Esther recuerda que en el caso de FP la asistencia a las clases es obligatoria, y que las ausencias por falta de transporte obligan a justificar cada retraso o ausencia, lo que añade presión a los menores.
Un problema sin previsión de solución a corto plazo
El malestar también crece por la falta de soluciones claras. Las familias señalan que el Ayuntamiento no tiene competencias y solo puede mediar en esta problemática, que la Delegación Provincial de Educación ha trasladado el caso a instancias superiores alegando que no puede asumir más plazas. La consejería de Movilidad de la Junta ha mantenido contacto con la concesionaria para incorporar un autobús adicional a las 6:45h, pero la empresa adjudicataria del servicio, Avanza, insiste en que no dispone de conductores en ese horario y descarta añadir más autobuses o permitir rutas privadas alternativas.
La situación parece enquistada, sin previsión de que pueda quedar resuelta en el corto plazo. “Para este curso ya nos toca buscarnos la vida”, resume Paloma. “Desde el inicio del curso ya tenían que saber el volumen de alumnos que estaban matriculados en Segovia y poner medios”, apunta, por su parte, María.

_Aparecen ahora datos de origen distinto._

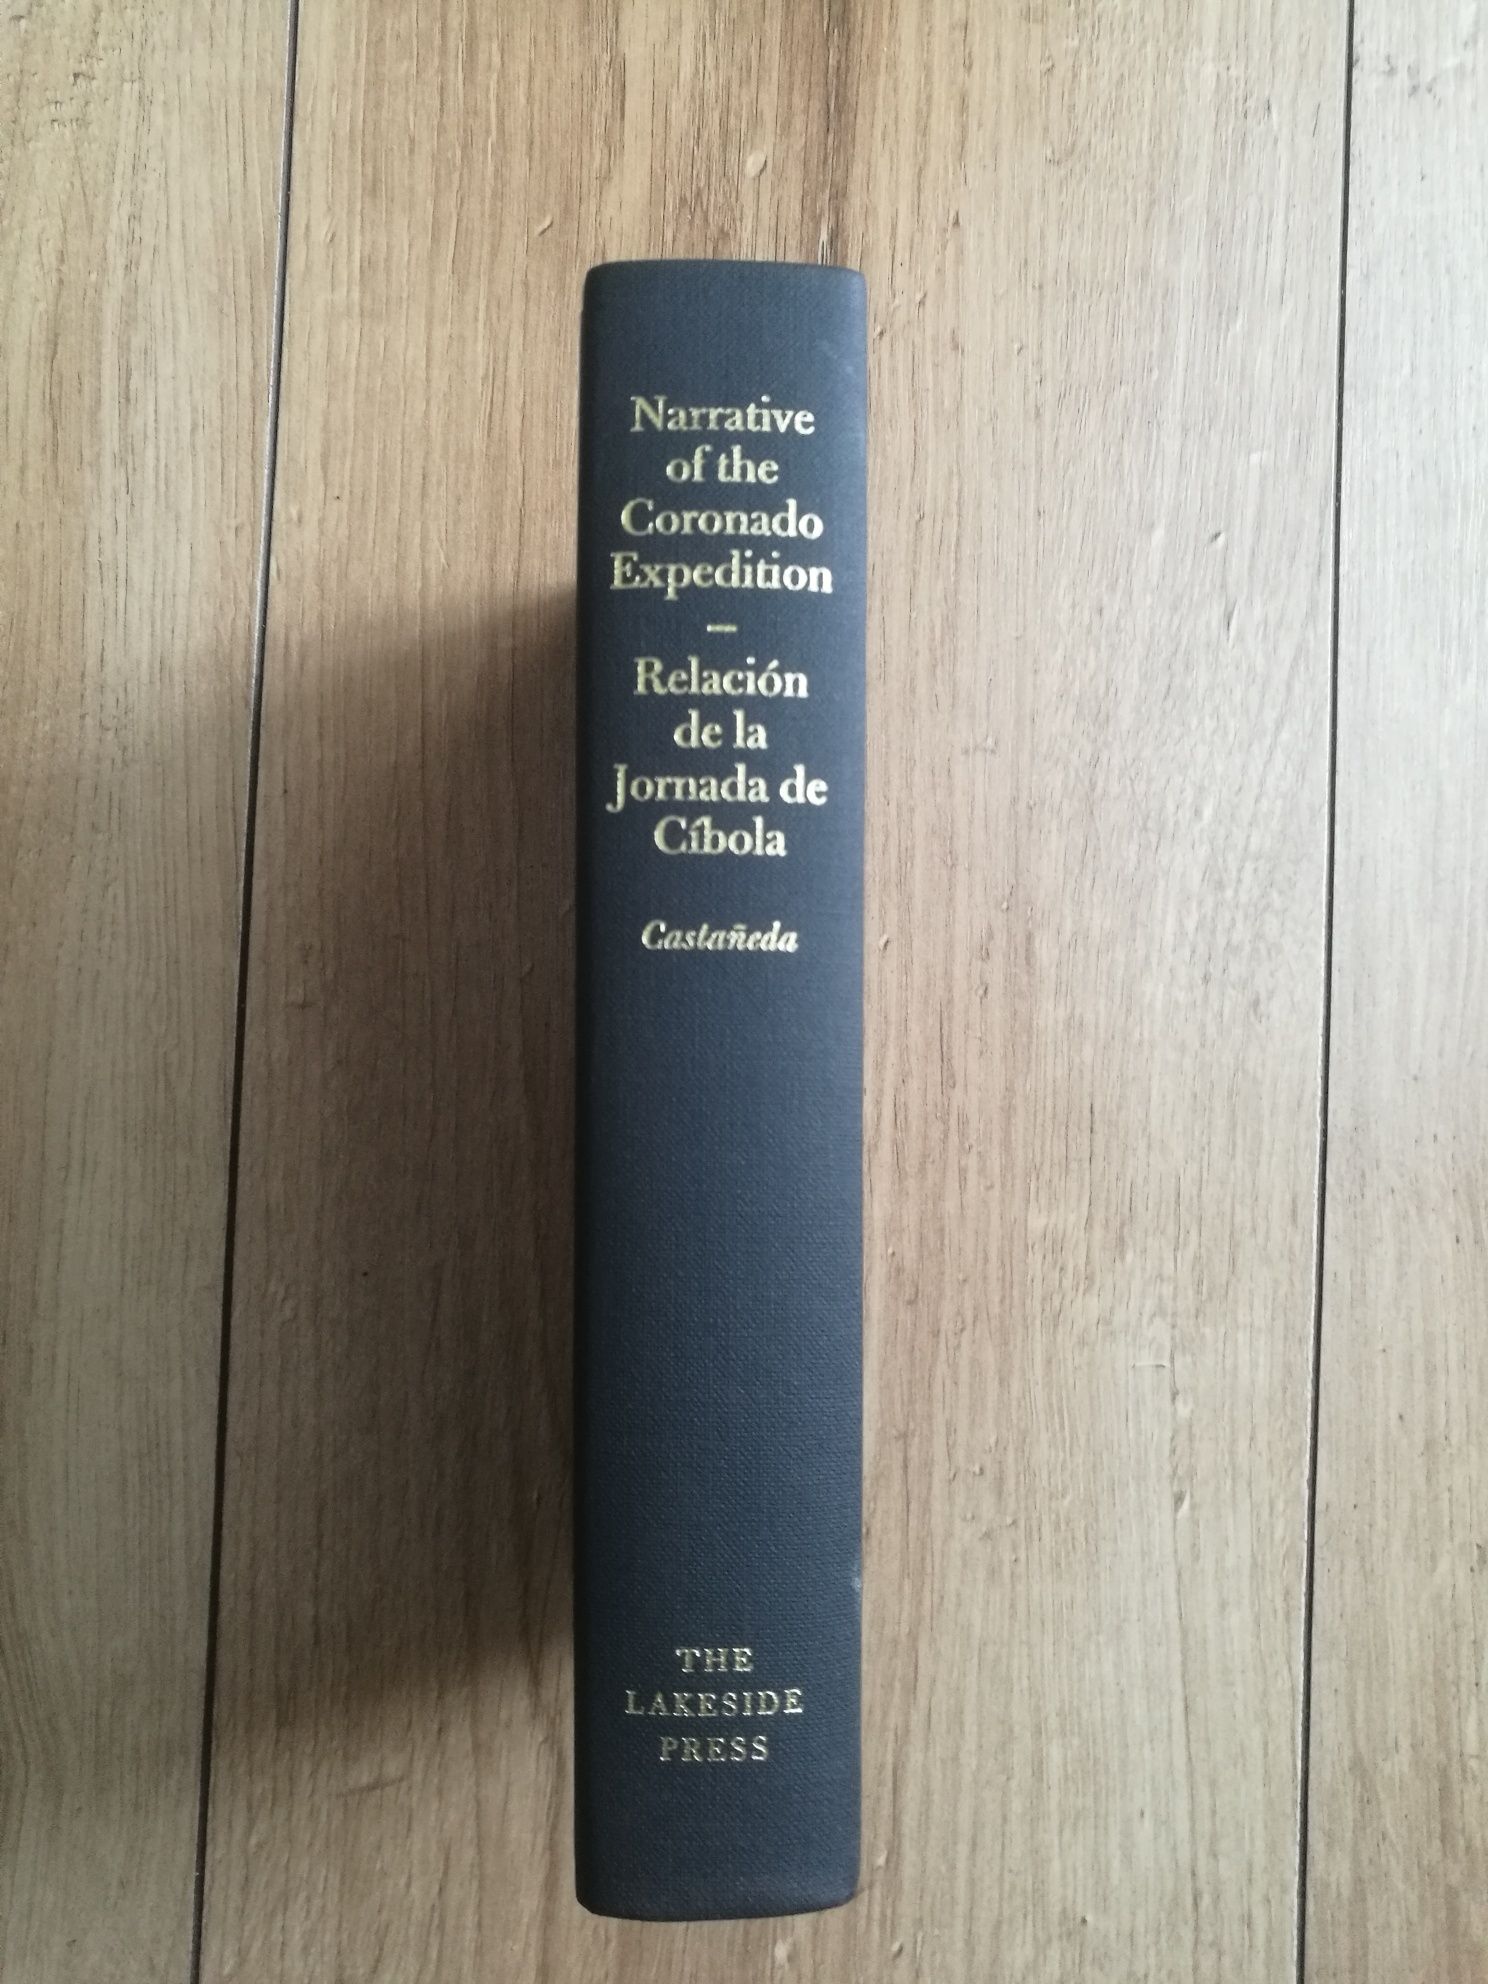 Książka Narrative of the Coronado Expedition po ENG/ESP 2002

Las familias piden una solución real
Las familias afectadas reclaman que se revisen las rutas, que se adapten las plazas al volumen real de estudiantes y que se elimine la incertidumbre e injusticia del sorteo de los carnés entre los alumnos. “Lo que pedimos es que nuestros hijos puedan ir y venir de sus centros con seguridad. No estamos pidiendo un privilegio, sino un servicio básico”, insisten.
Por ahora, continúan organizándose y reclamando alternativas a las administraciones, a la espera de que alguna institución lidere una solución para un problema que, como bien advierten, puede ir a más en los próximos años.